## Goal of the exercise
Exact copies are required of the lines from the line containing "India Hyderabad decorata carrello Foto Stock" through the final line of the listing, both included, and of no other lines.

↓

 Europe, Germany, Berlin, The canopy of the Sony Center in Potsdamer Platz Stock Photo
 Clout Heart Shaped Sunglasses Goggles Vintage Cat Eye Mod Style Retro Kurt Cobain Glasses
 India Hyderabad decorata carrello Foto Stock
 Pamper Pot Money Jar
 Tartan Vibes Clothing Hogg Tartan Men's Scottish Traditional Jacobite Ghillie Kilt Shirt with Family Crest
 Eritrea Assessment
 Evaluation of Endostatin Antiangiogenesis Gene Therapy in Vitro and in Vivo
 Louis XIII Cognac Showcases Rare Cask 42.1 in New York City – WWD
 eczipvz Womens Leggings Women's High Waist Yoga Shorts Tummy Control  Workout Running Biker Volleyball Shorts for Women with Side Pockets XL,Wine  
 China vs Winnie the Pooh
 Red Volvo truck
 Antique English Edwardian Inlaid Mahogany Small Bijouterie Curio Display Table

↑

## Answer to this exercise
 India Hyderabad decorata carrello Foto Stock
 Pamper Pot Money Jar
 Tartan Vibes Clothing Hogg Tartan Men's Scottish Traditional Jacobite Ghillie Kilt Shirt with Family Crest
 Eritrea Assessment
 Evaluation of Endostatin Antiangiogenesis Gene Therapy in Vitro and in Vivo
 Louis XIII Cognac Showcases Rare Cask 42.1 in New York City – WWD
 eczipvz Womens Leggings Women's High Waist Yoga Shorts Tummy Control  Workout Running Biker Volleyball Shorts for Women with Side Pockets XL,Wine  
 China vs Winnie the Pooh
 Red Volvo truck
 Antique English Edwardian Inlaid Mahogany Small Bijouterie Curio Display Table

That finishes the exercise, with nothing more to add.